1) The start/stop scripts don't sanitise the PATH, so if an operator starts
with a PATH containing
their personal home directory *first* then that is the PATH the scripts use.
They can therefore subvert commands like echo with their own version and
Unix will run that.
Their own echo command can then simply contain a ksh to give them a root
shell.

Solutions would include:
a) explicitly set a know path at the top of every script, OR
b) use absolute paths for every-single command in the script
(/usr/bin/echo), OR
c) set sudo's secure_path setting to override their PATH (but secure_path is
being removed I hear).

The next issue is more of a concern.

2) Many of the start/stop scripts simply call other scripts, which call
other scripts, which call other
scripts and what I'm wondering is, "are any of those writeable by our
operators?"
If they are then there's nothing stopping them adding extra commands to
those lower level scripts
and any of those "sub-scripts" are being run as root.

I was at least hoping to find a parameter/switch/default to at least stop
anyone running a command
via sudo which *directly* allows them to either edit that command or delete
that command and create
their own (ie directory permissions which allow deletion even where file
permissions don't allow update).

If sudo is configured to allow operators to execute as root the commands in
/mydir then I was hoping
some way to tell sudo DON'T LET THEM RUN ANY COMMAND WHICH IS WRITEABLE by
them? but it seems I can't stop that behaviour?

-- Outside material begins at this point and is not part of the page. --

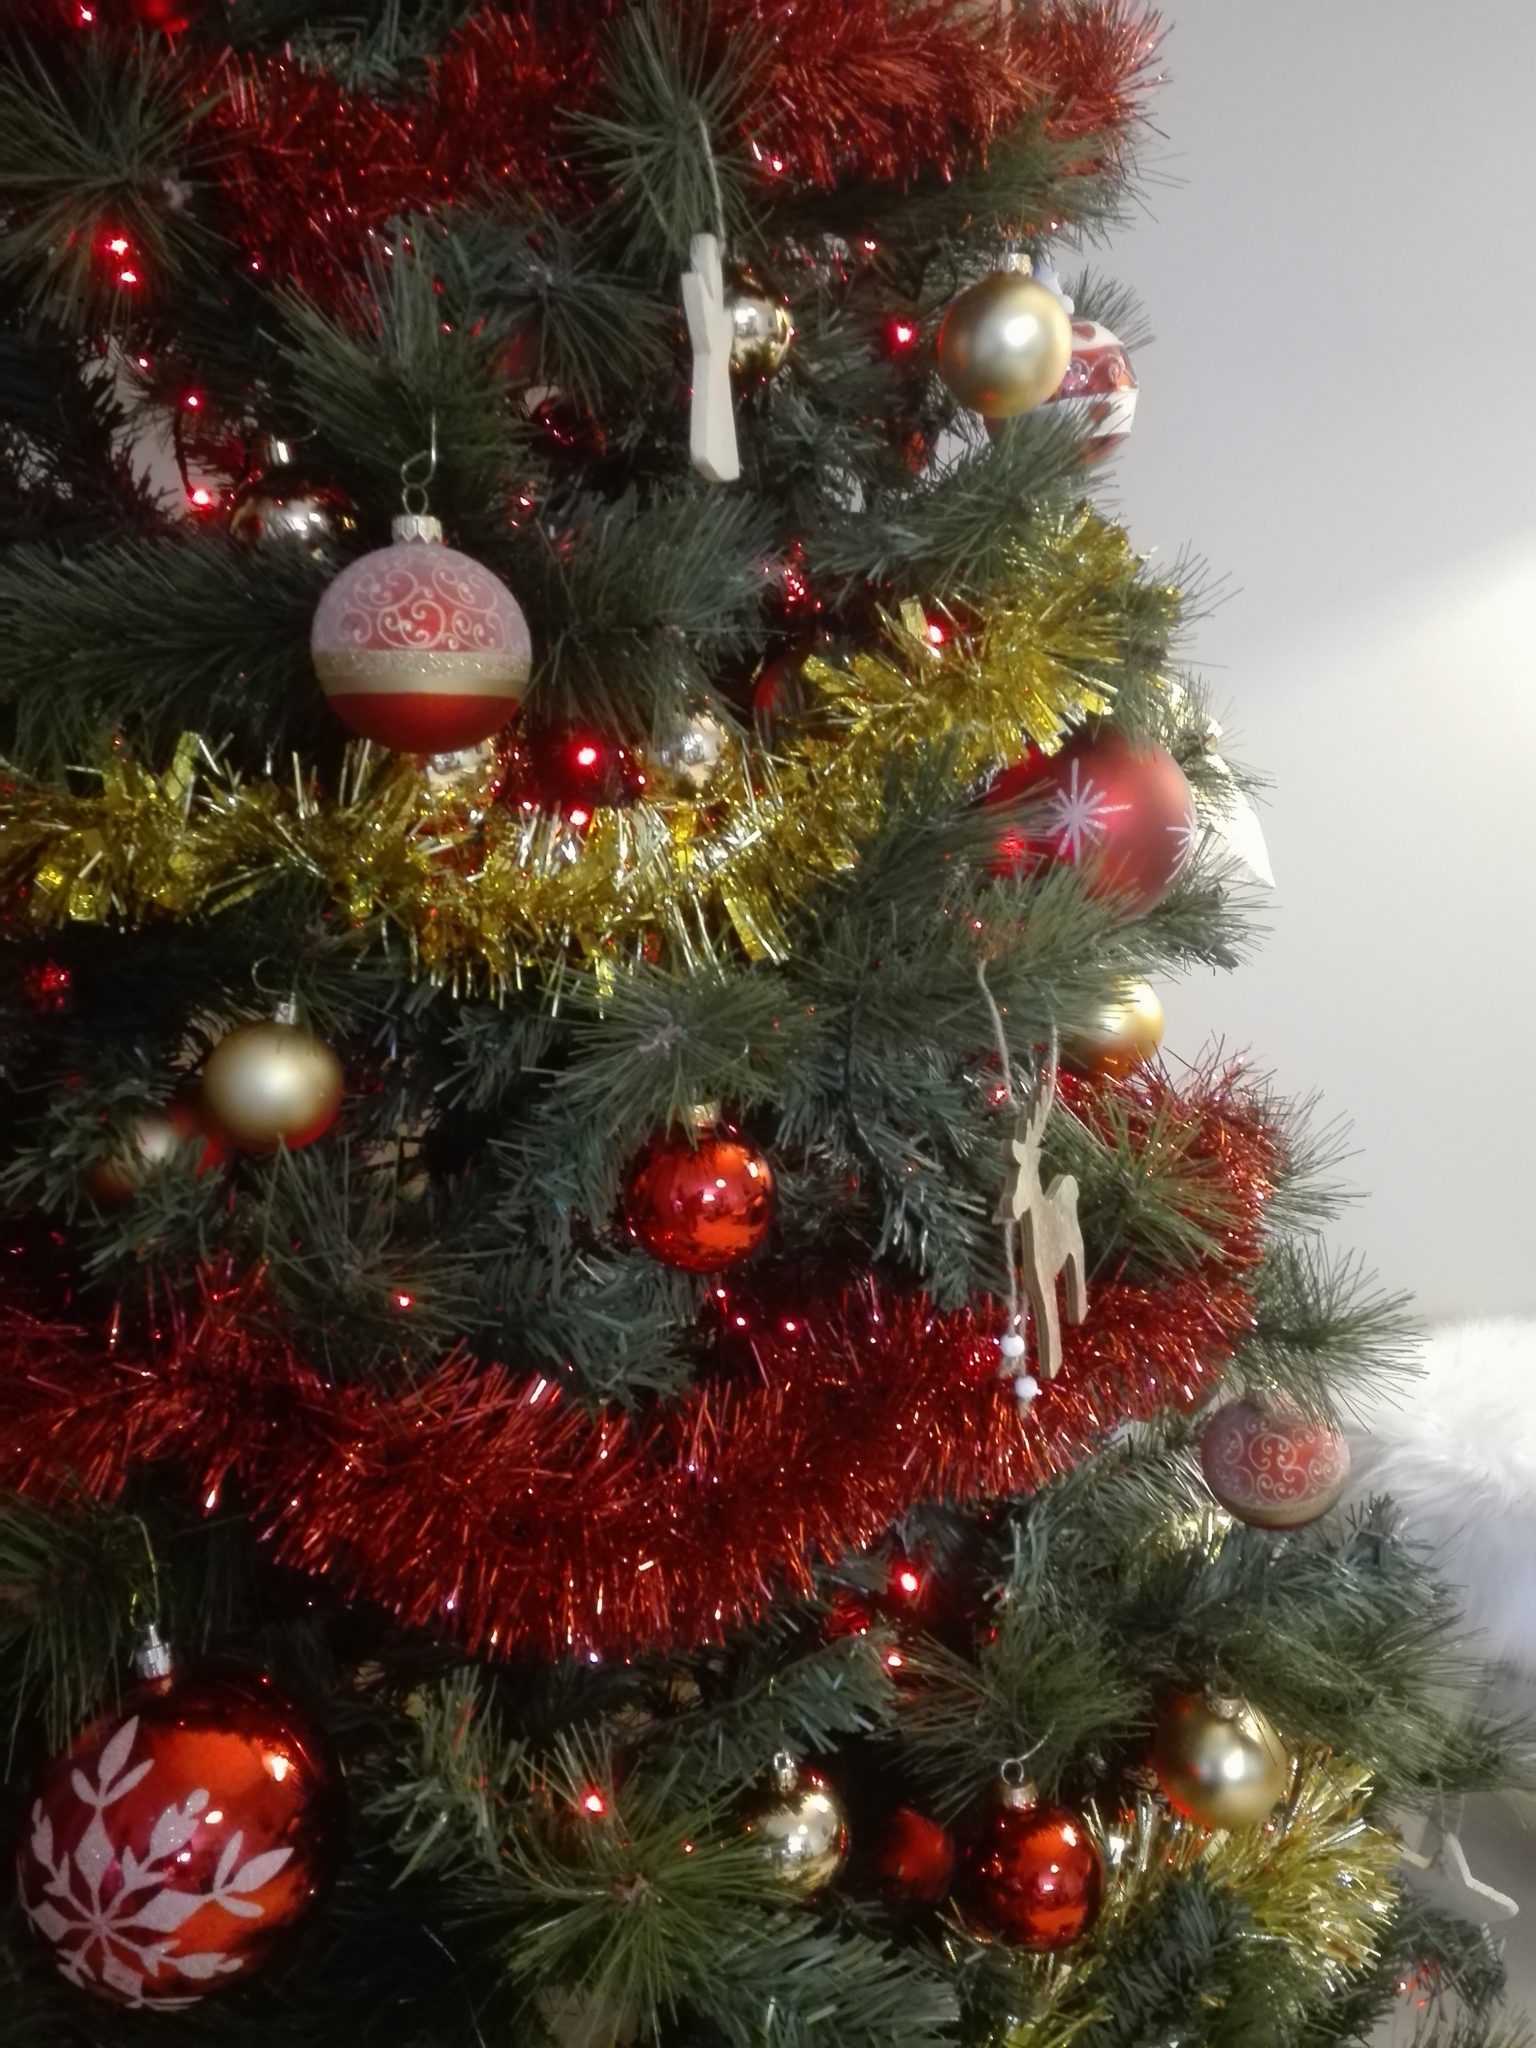 Comment disposer les guirlandes lumineuses sur le sapin de Noël -   Blog

Solution, I suppose, is to regularly check the file permissions in that
directory, but there is a chance
someone will add a script with "soft" file permissions or the wrong
ownership.

Am I fooling myself that sudo can help in a situation like this - other than
me copying all lower level
scripts into one directory where I can check the contents and file
ownership/permissions.

I strongly suspect the latter, as there is no guarantee that somewhere down
the chain there isn't a script
containing a vi command, a more command, a mail command, a smit command etc
which would allow
a shell escape.

Is is ever "safe" to sudo scripts rather than programs?
Using sudo for our operators is slightly better than giving them UID=0 *but*
it tends to give the
false impression that we have some form of *controlled* delegated  authority
where really we
seem to have very little.

How does everyone else manage to safetly sudo their scripts?